MCLEAN, Va., Aug. 13 (UPI) -- U.S. homeowners who refinanced their mortgages overwhelmingly switched to fixed-rate mortgages, U.S. mortgage-finance giant Freddie Mac said Monday.
Between April and June, 85 percent of borrowers who originally had one-year adjustable-rate mortgages, and 86 percent of borrowers who initially had hybrid adjustables, changed to fixed-rate loans, Freddie Mac said.
The comparable numbers in the first quarter were 89 percent and 88 percent, respectively, the government-sponsored enterprise formally known as the Federal Home Loan Mortgage Corp. said.

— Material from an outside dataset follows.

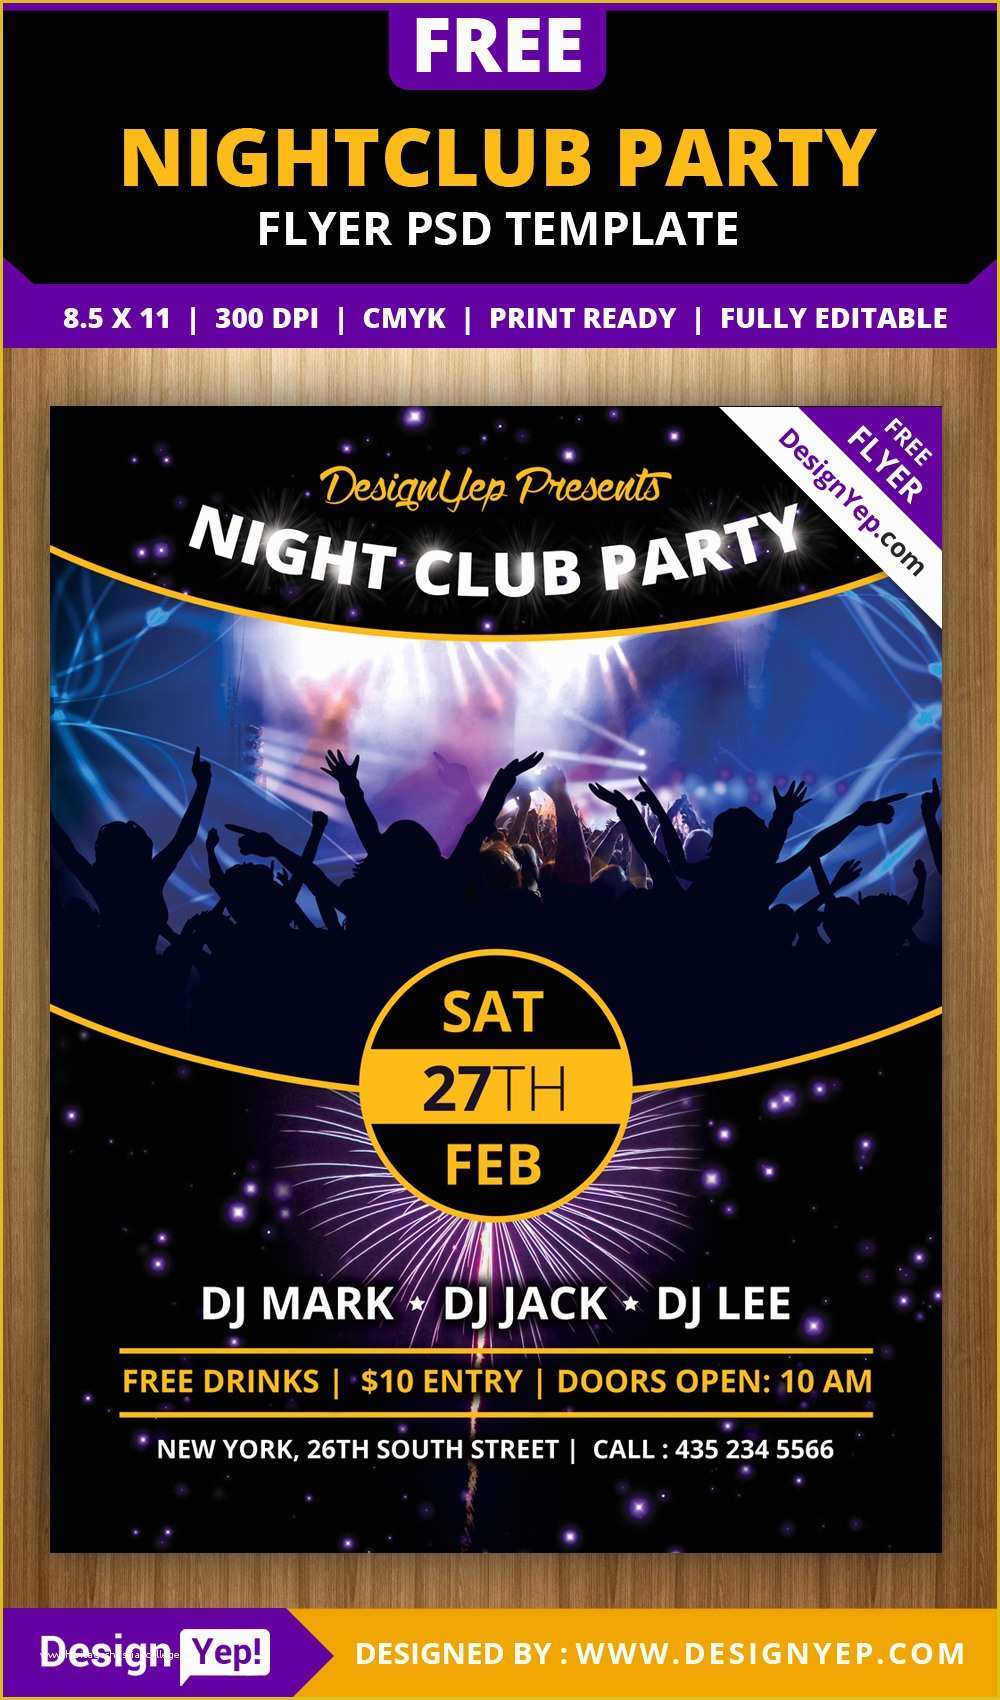 Free Nightclub Flyer Templates Of Free Nightclub Party Flyer Psd Template Designyep

“Mortgage rates on 30-year fixed-rate loans went up in the second quarter to 6.4 percent, while rates on one-year Treasury-indexed ARMs were 5.5 percent,” Deputy Chief Economist Amy Crews Cutts said.
Even though most borrowers still preferred fixed-rate mortgages, “the widening spread between fixed- and adjustable-rate mortgages in the second quarter made ARMs a bit more attractive than they had been,” she said.
One-year ARMs usually carry low initial rates the first year and adjust annually after that.
Hybrid ARMs sometimes offer extremely low rates for the first two years and then adjust every six months after that, frequently ballooning.